Hiçbir mevcudat yoktu. Bir O vardı. Var etmeyi diledi. “Kün” dedi. Neye “Kün” dediyse o, varlık sahasına çıktı. (Yasin, 36/82.) Her varlığın bir yaratılış sebebi vardı. Tek hücreli canlılardan galaksilere kadar her mahlûk amacını benimsedi, “amenna” dedi, itaat etti. Elbette Allah Teâlâ’nın diğer tüm varlıklardan ayırt ettiği, meleklerden dahi üstün kıldığı, “halifem” (Bakara, 2/30.) diye onurlandırdığı insanın da bir görevi vardı: Kulluk etmek. (Zâriyât, 51/56.) İlk insan ve ilk peygamberden bu yana gelen tüm elçiler kulluğu yani Allah’ı tanımayı, hayatını O’nun gönderdiği ilkeler çerçevesinde tanzim etmeyi, kalbini ve zihnini O’nu anarak diri tutmayı, devamlı O’nun gözetiminde olduğunu murakabe etmeyi öğrettiler. Fakat insan vahiyden uzaklaştıkça bunları unuttu. O hâlde ona kuvvetli bir hatırlatıcı gerekliydi.

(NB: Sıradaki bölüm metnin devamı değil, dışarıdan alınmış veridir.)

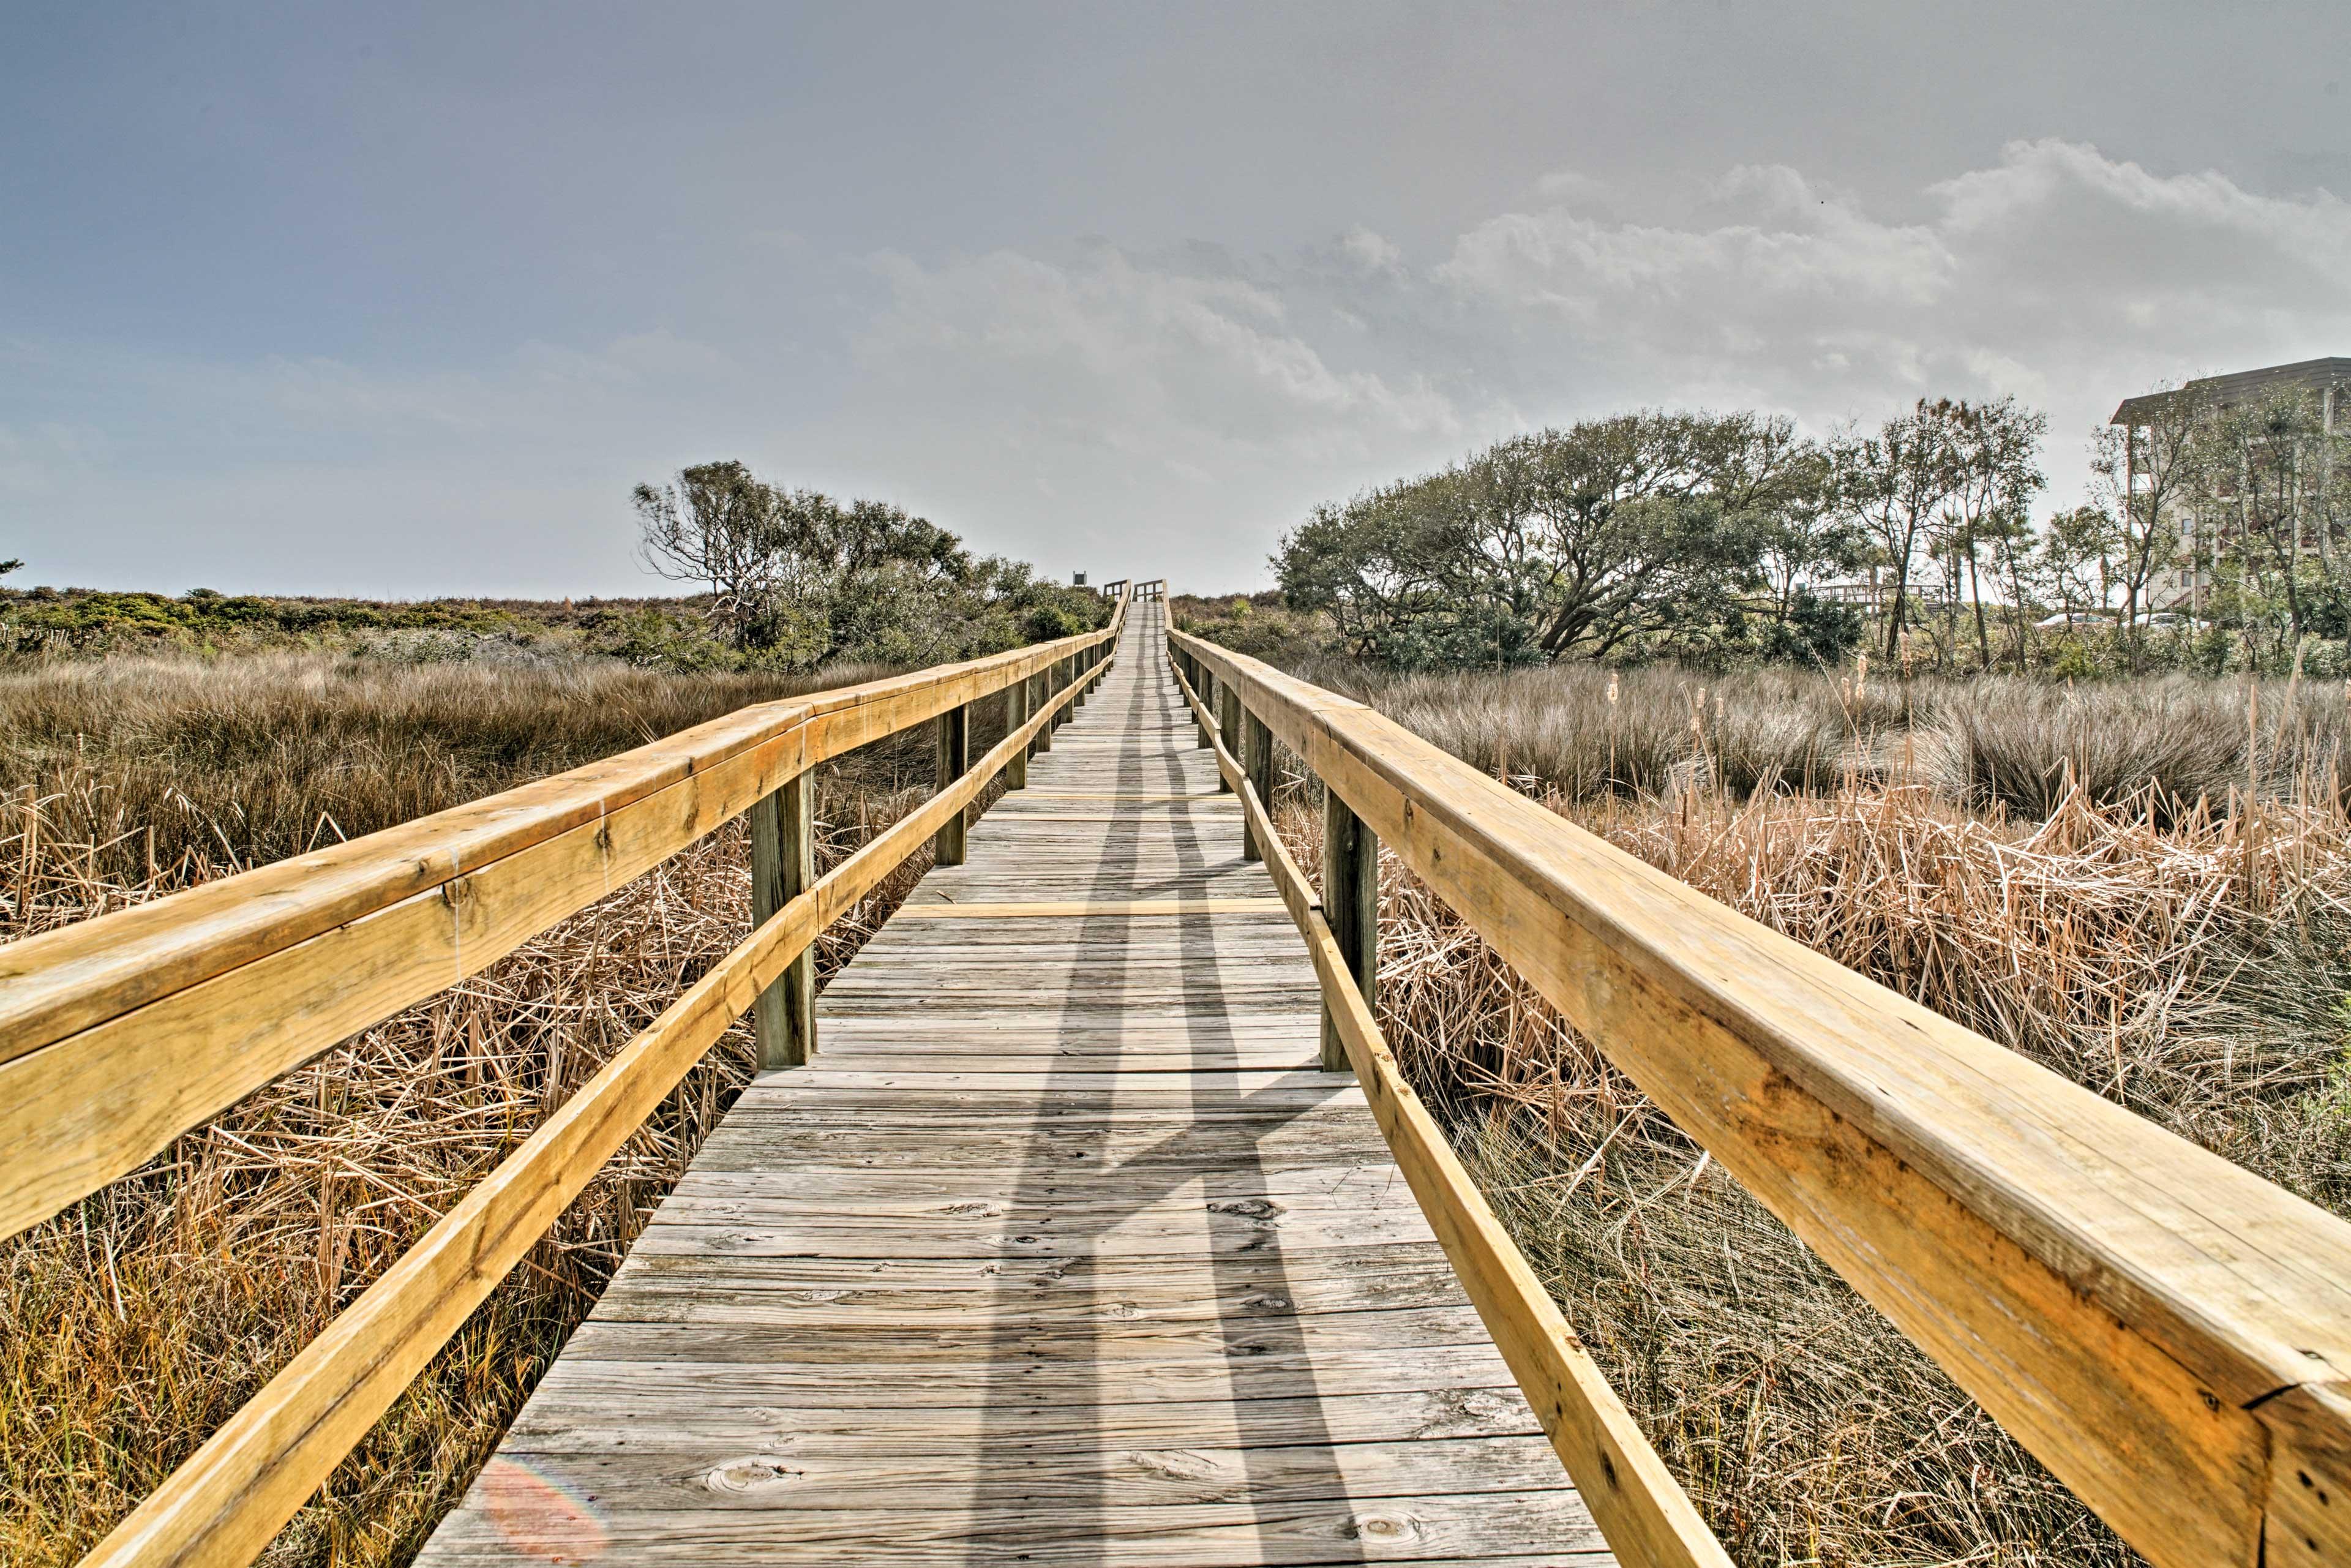 Take a stroll down the boardwalk to the coast of Hilton Head Island Beach!

“Kuşkusuz ben, yalnız ben Allah’ım! Benden başka tanrı yoktur. O hâlde bana kulluk et, beni hatırında tutmak için namaz kıl.” (Taha, 20/14.)

Allah Teâlâ namaz ibadeti için Kur’an’da “salat, zikir, tesbih” terimlerini ve türevlerini kullanır. (M. Kamil Yaşaroğlu, “Namaz”, Türkiye Diyanet Vakfı İslam Ansiklopedisi, (İstanbul: TDV Yayınları 2006), 32: 350.) Her üç kelimenin de ortak manası “anmak”tır. Fakat bu anış, sadece hatırlamak manasında “zihne getirmek” değil tüm azaları ile ilahi huzurda bulunduğunun farkında olmaktır. 

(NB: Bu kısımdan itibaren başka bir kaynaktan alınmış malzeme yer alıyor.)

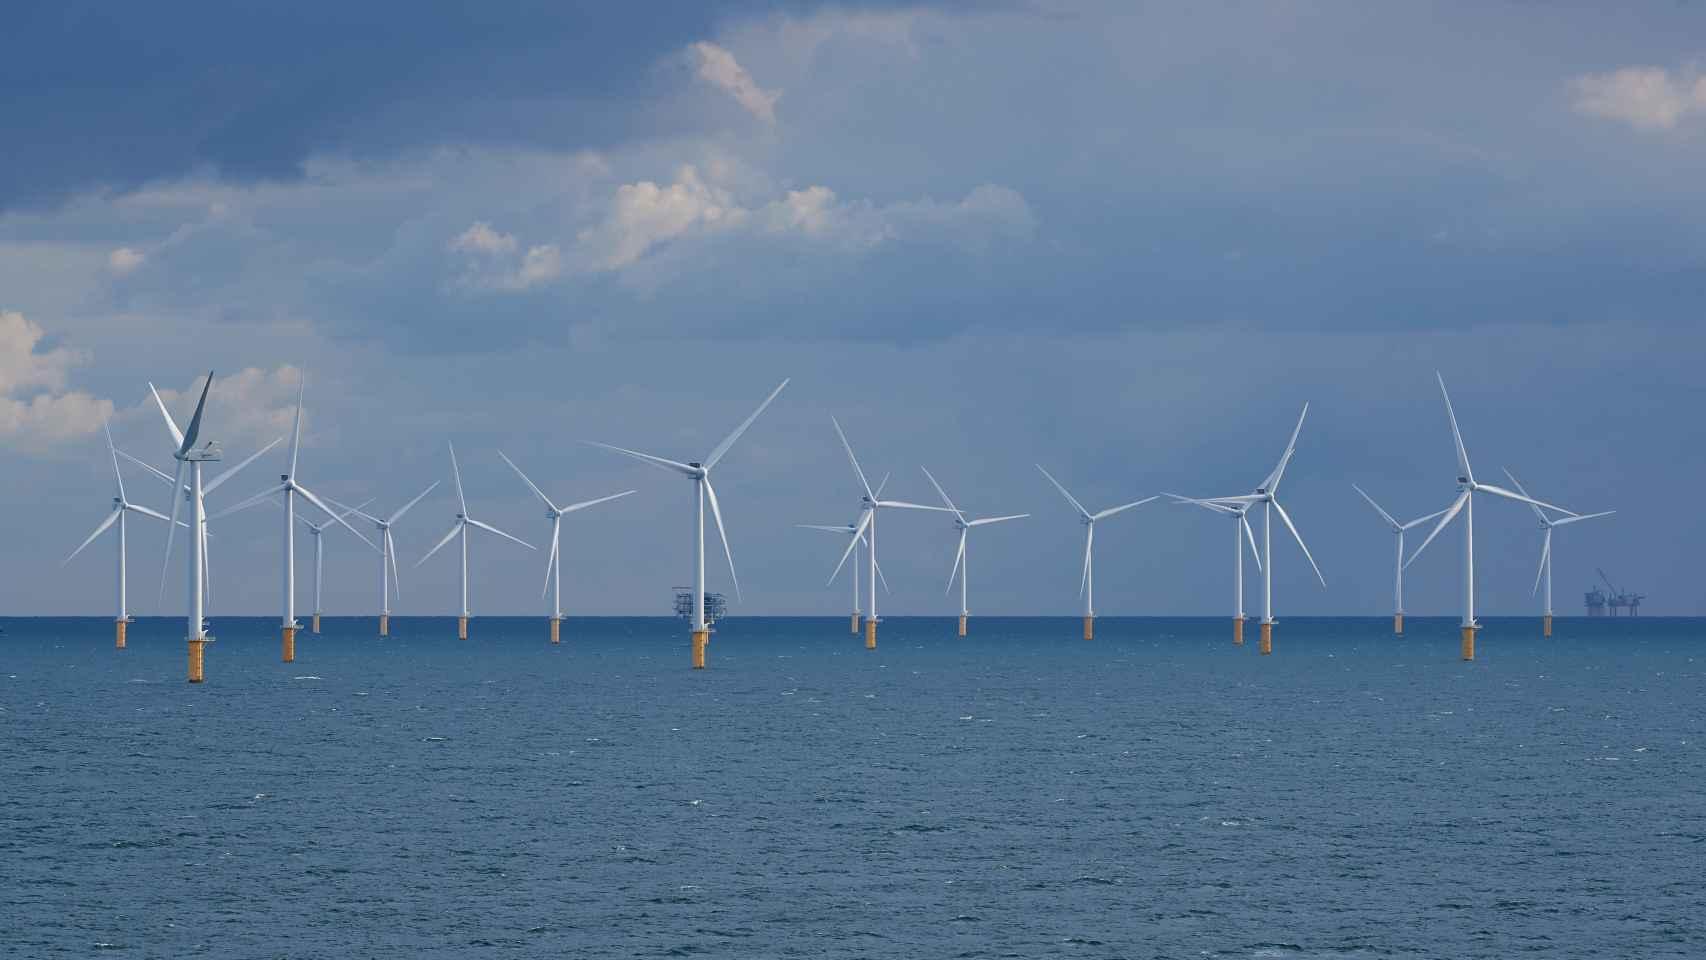 Naturgy abre la puerta a instalar un proyecto piloto de eólica marina en España

Namaz ibadeti yalnızca bedenî hareketlerden ve Kur’an kıraatinden ibaret olsaydı çeşitli rahatsızlıklarından dolayı kıyamı, rükûyu hatta secdeyi yapamayanın, maharic-i hurufu eksik ya da ezberi yarım olanın namazdan muaf tutulması gerekirdi. Oysa namazın özü Allah’ı anmak olduğu için kişinin eksiği dahi olsa namaz daveti geçerlidir.    

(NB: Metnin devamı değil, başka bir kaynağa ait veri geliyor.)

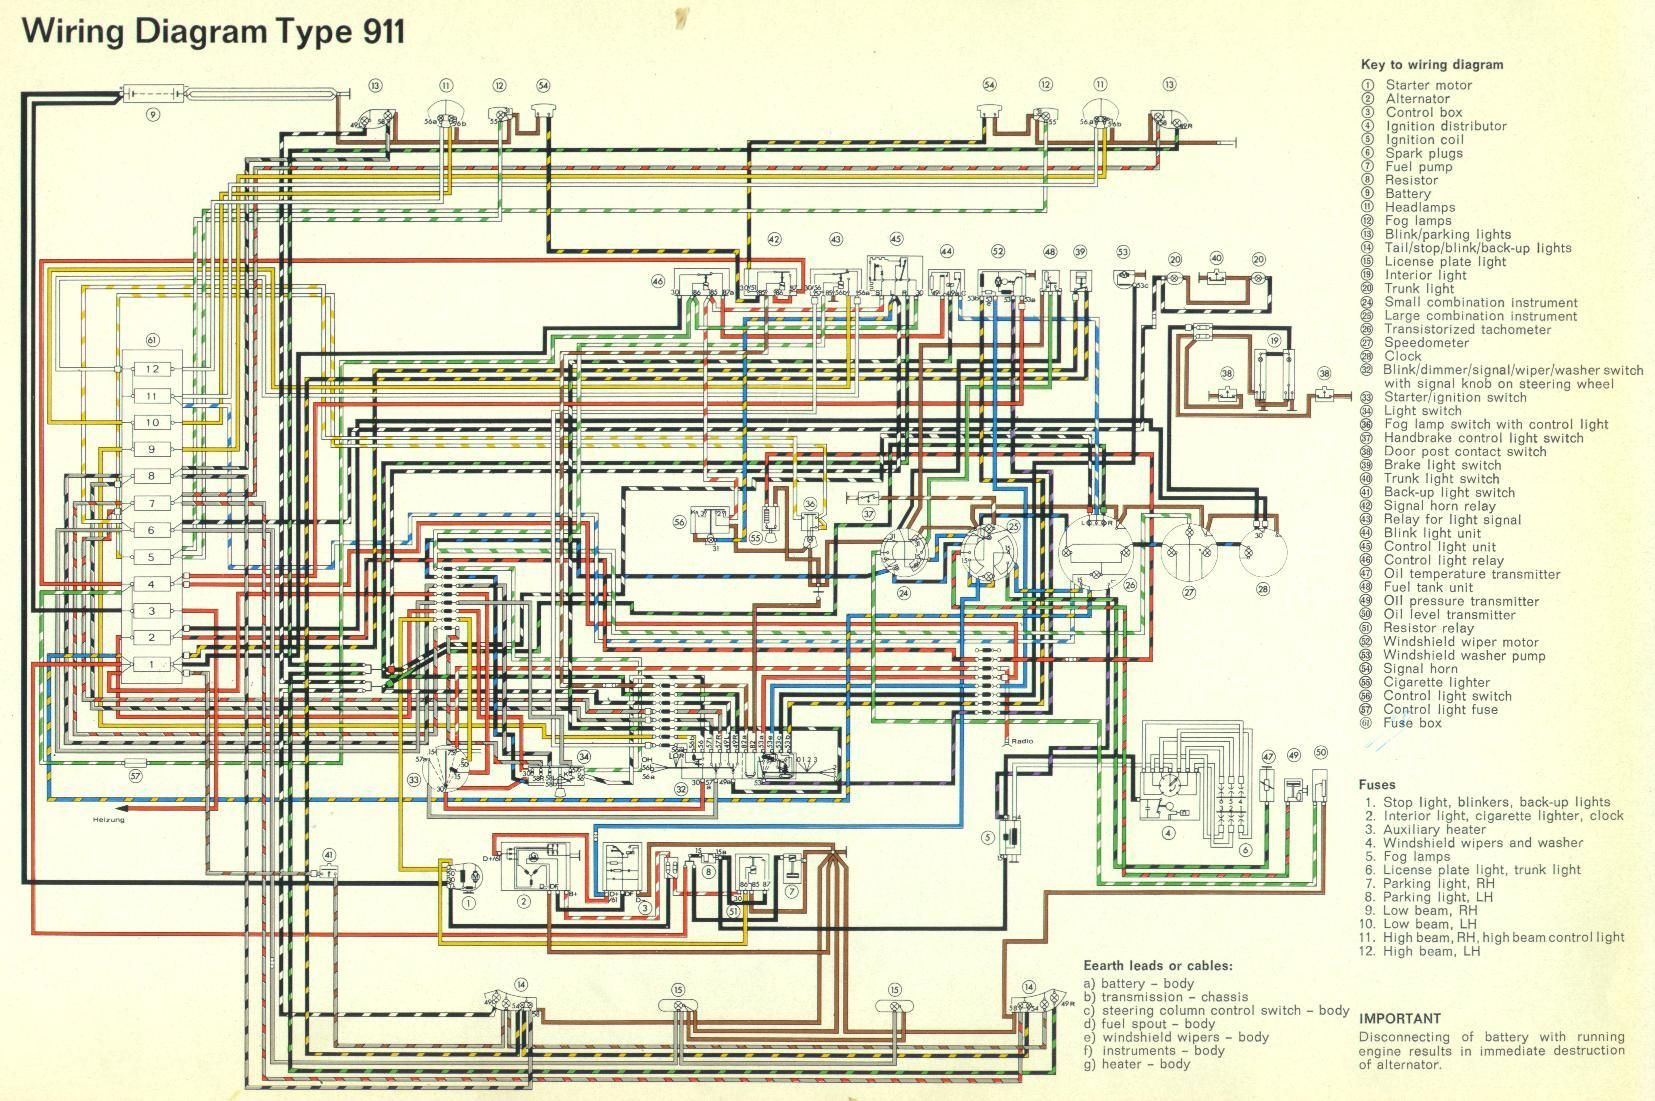 porsche 928 wiring diagram - wiring diagram schema loose-head -  loose-head.atmosphereconcept.it  atmosphereconcept.it

Kul, namaza doğrulduğunda meleklerin bile gıpta ettiği bir fark ediş/anma ile huzura girer. Meleklerin bir kısmı sûra üfleninceye kadar kıyamda, bir kısmı rükûda, bir kısmı secde hâlinde ibadet ederken ve görevi, sadece Allah’ı zikretmek olan sayısız melek varken Allah tüm bu fiilleri namaz ibadeti içinde cem ederek insanı huzuruna çağırır. (Hakim Ebu Abdullah et-Tirmizi, Kulluk Bilinci ve Namaz, çev. Enver Arpa, Ankara: DİB Yayınları, 2019, 29; Ebu Talib el-Mekki, Kalplerin Azığı, çev. Muharrem Tan, İstanbul: İz Yayıncılık, 2004, 2: 326.) Hem de günde en az beş defa.

Namaz, kul ile Rabbi arasında karşılıklı konuşmadır. (Buhari, Salat, 36.) Nitekim bir hadis-i kutside şöyle buyurulmaktadır: “Namazı kulumla aramda ikiye taksim ettim. Yarısı bana yarısı da kuluma aittir. Kuluma dilediği verilecektir. Bir kul namazda; “Bütün hamd ve sena Âlemlerin Rabbi olan Allah’a mahsustur.” dediği zaman Allah Teâlâ: “Kulum bana hamdetti.” buyurur. Kul: “O, Rahman ve Rahimdir.” dediğinde, “Kulum beni sena etti.” buyurur. Kul: “Hesap ve ceza gününün hâkimidir.” dediğinde Allah Teâlâ: “Kulum beni ta’zim etti.” buyurur. Kulu: “Yalnız sana ibadet eder ve yalnız senden yardım dileriz.” deyince “Bu iş benimle kulum arasındadır.” buyurur. “Bizi dosdoğru yola ilet, kendilerine nimet verdiklerinin yoluna, gazaba uğrayanların ve sapmışlarınkine değil.” dediğinde “Bu dilek kula aittir. Ona istediği verilecektir.” buyurur. (Müslim, Salat, 38.)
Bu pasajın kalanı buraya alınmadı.